## WHAT THE TASK REQUIRES
Wherever the line with "Ресторан Провиант (Proviant)" sits in the listing below, transcribe from it up to and including the line with "Nude girl with german shepherd porn", exactly, and leave the remaining lines out.

## THE DATA
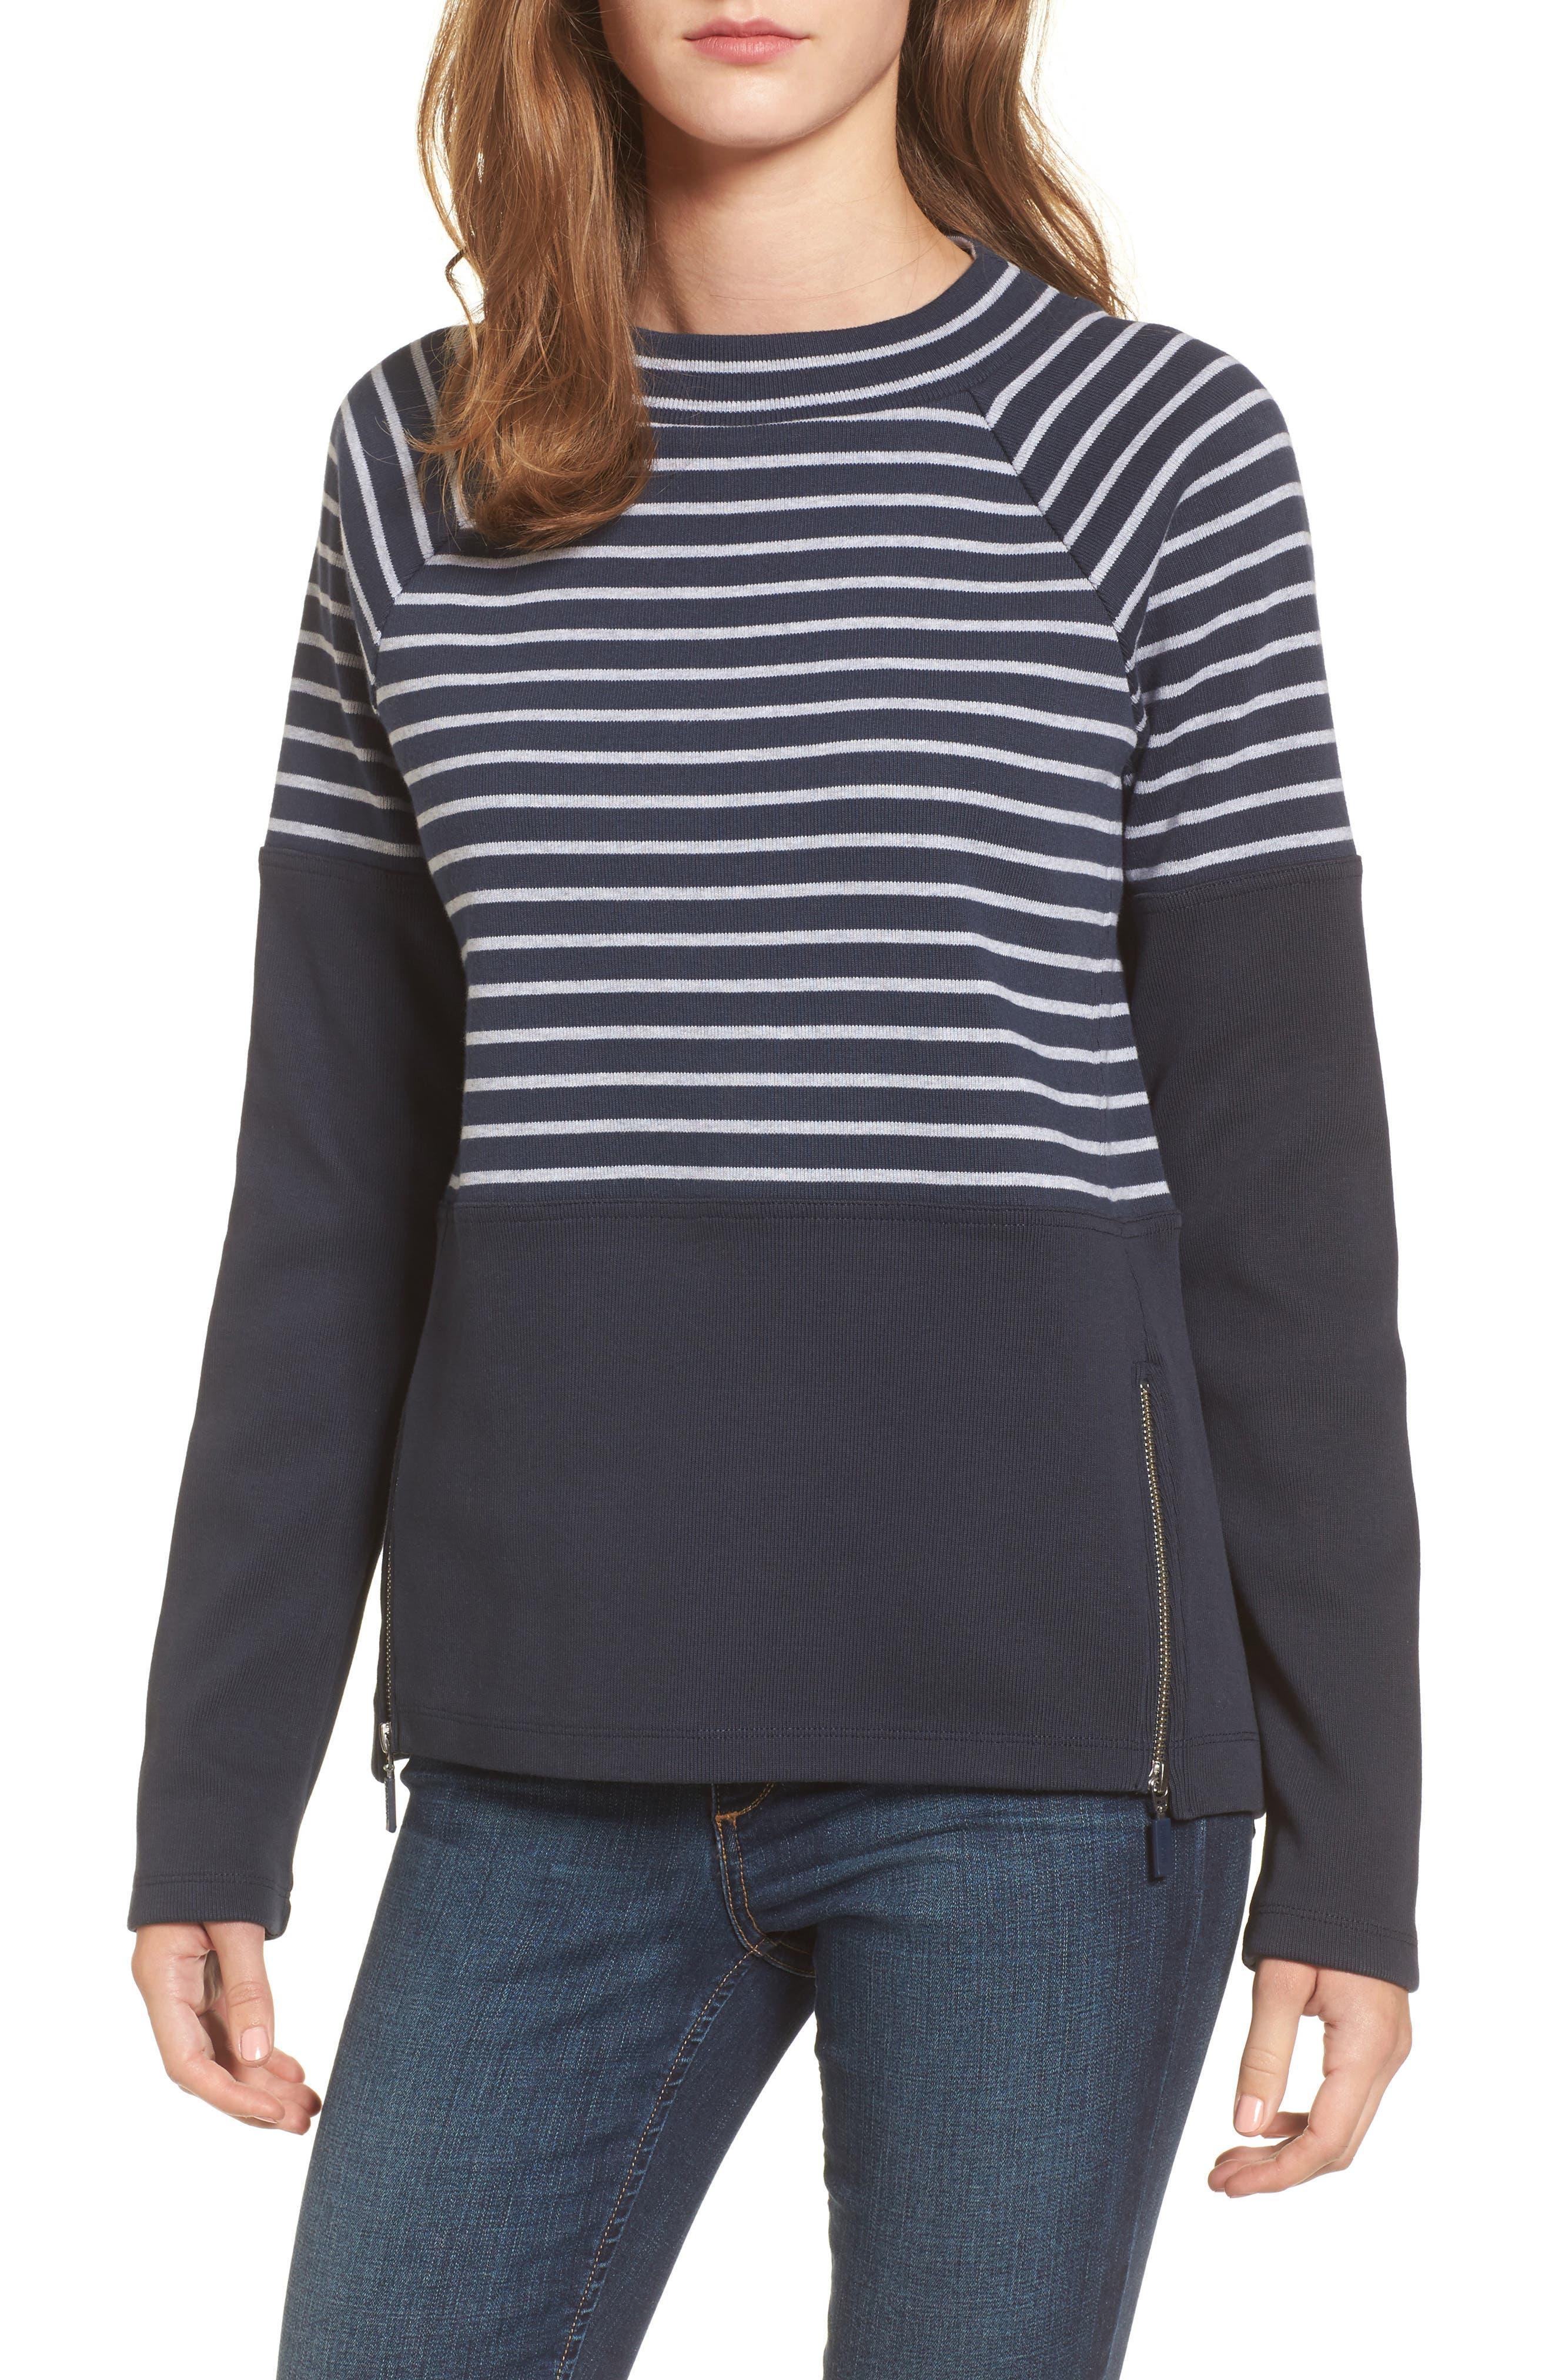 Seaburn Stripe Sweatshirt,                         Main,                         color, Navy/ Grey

--

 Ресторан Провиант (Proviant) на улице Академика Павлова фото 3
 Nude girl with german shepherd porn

## RESPONSE BOX
 Ресторан Провиант (Proviant) на улице Академика Павлова фото 3
 Nude girl with german shepherd porn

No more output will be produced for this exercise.